Start of Records shown

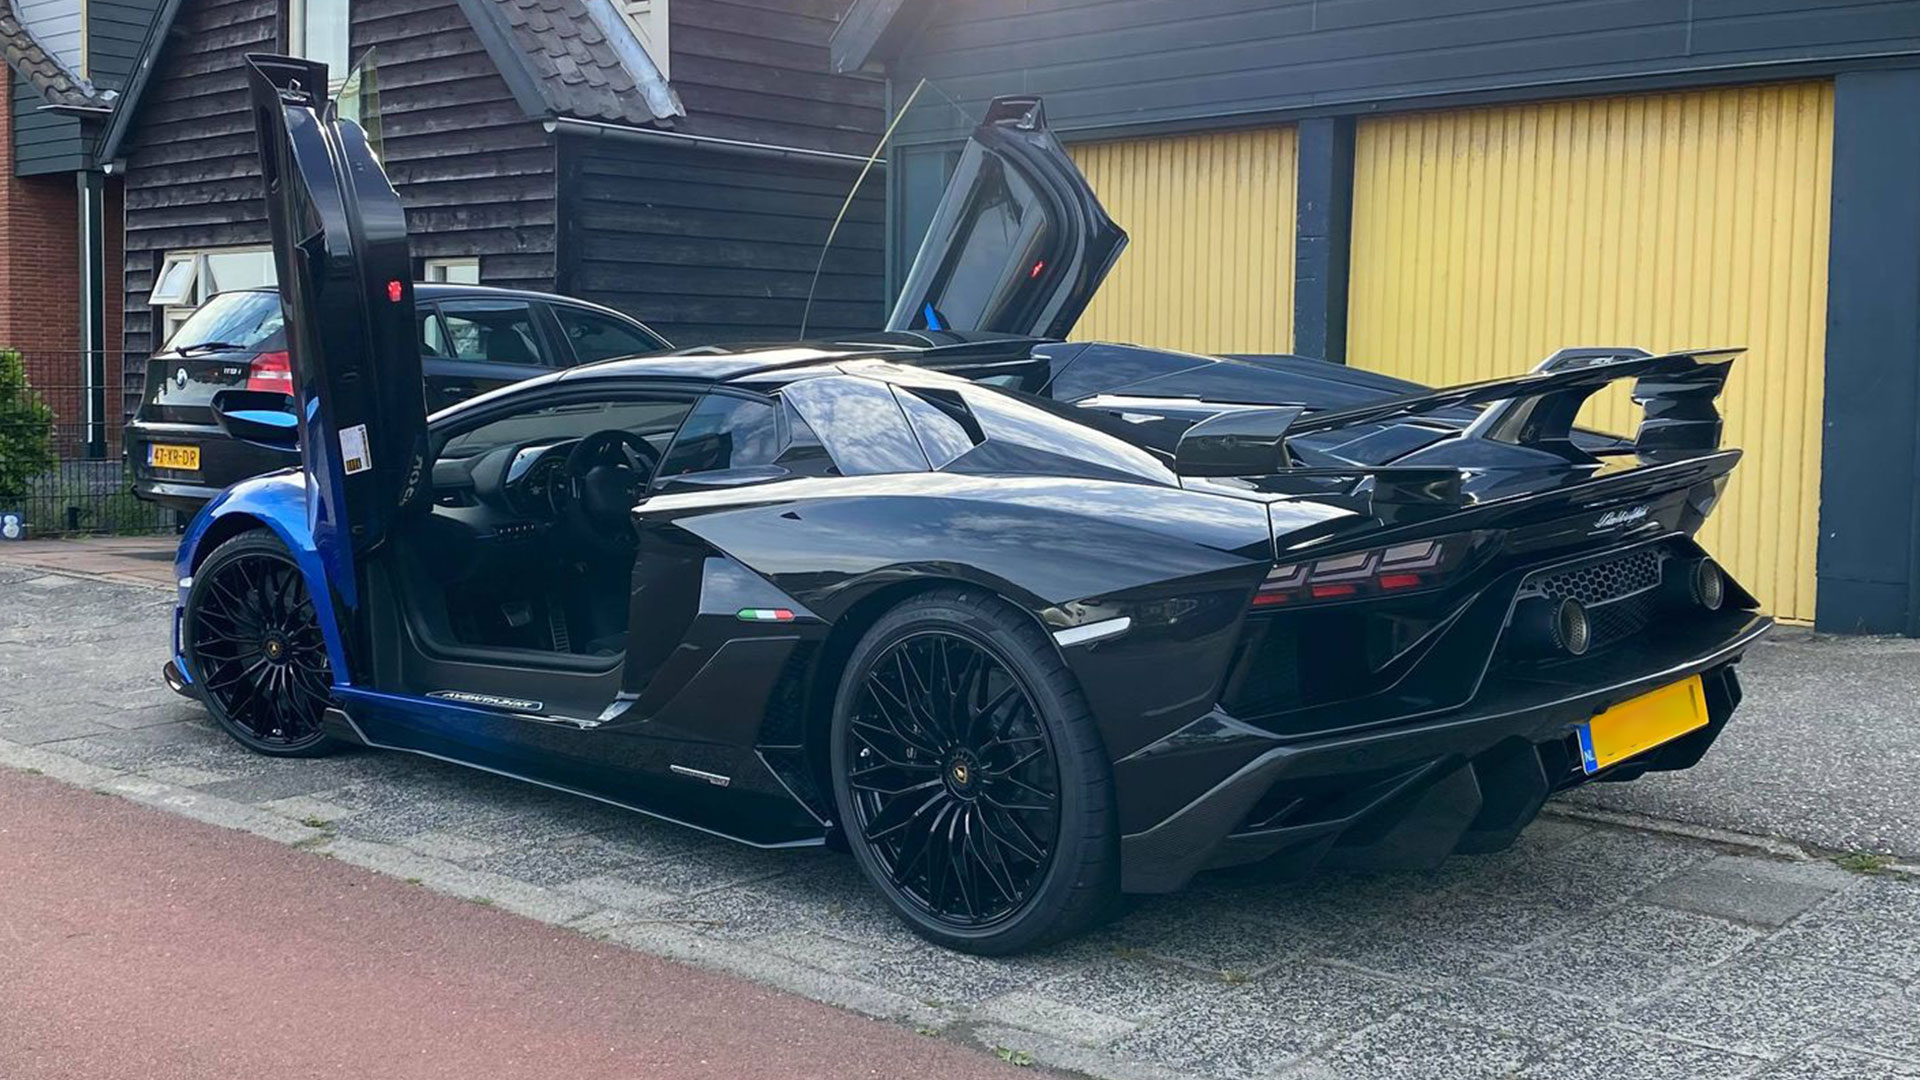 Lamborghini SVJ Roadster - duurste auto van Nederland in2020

End of Records shown
Start of Records shown

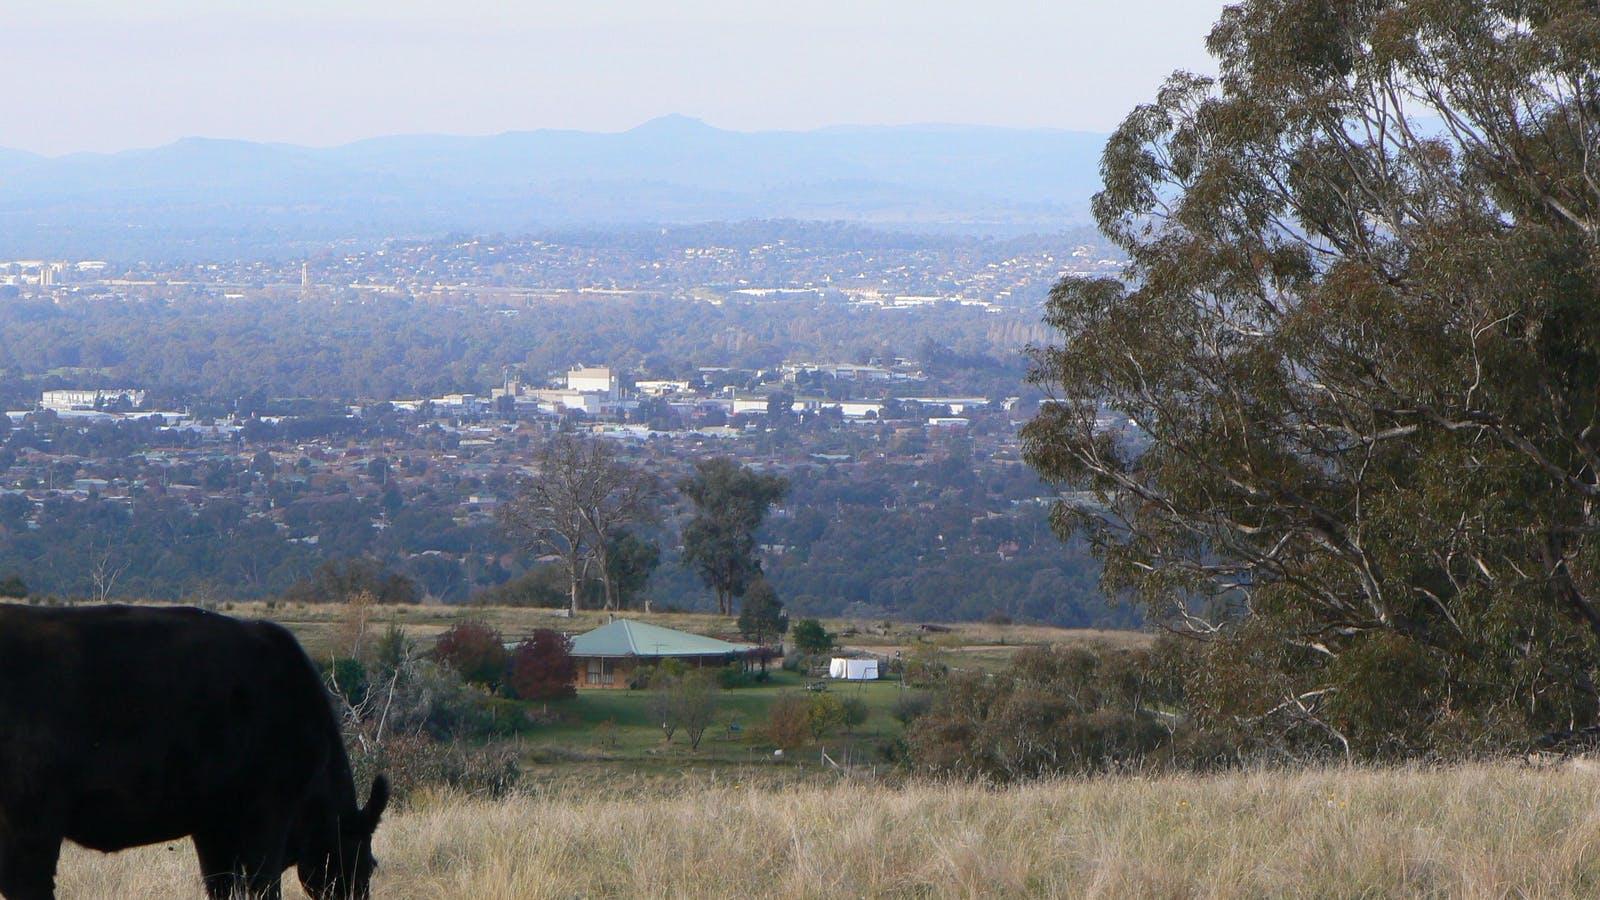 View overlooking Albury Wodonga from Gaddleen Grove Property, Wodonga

End of Records shown
Start of Records shown

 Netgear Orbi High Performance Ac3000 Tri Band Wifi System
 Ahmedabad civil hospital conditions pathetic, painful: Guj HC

End of Records shown

**Work order**. Using the entries above, return exactly the lines from the line with "Netgear Orbi High" to the line with "Ahmedabad civil hospital", counting both of those lines.

**Solution for this task**.
 Netgear Orbi High Performance Ac3000 Tri Band Wifi System
 Ahmedabad civil hospital conditions pathetic, painful: Guj HC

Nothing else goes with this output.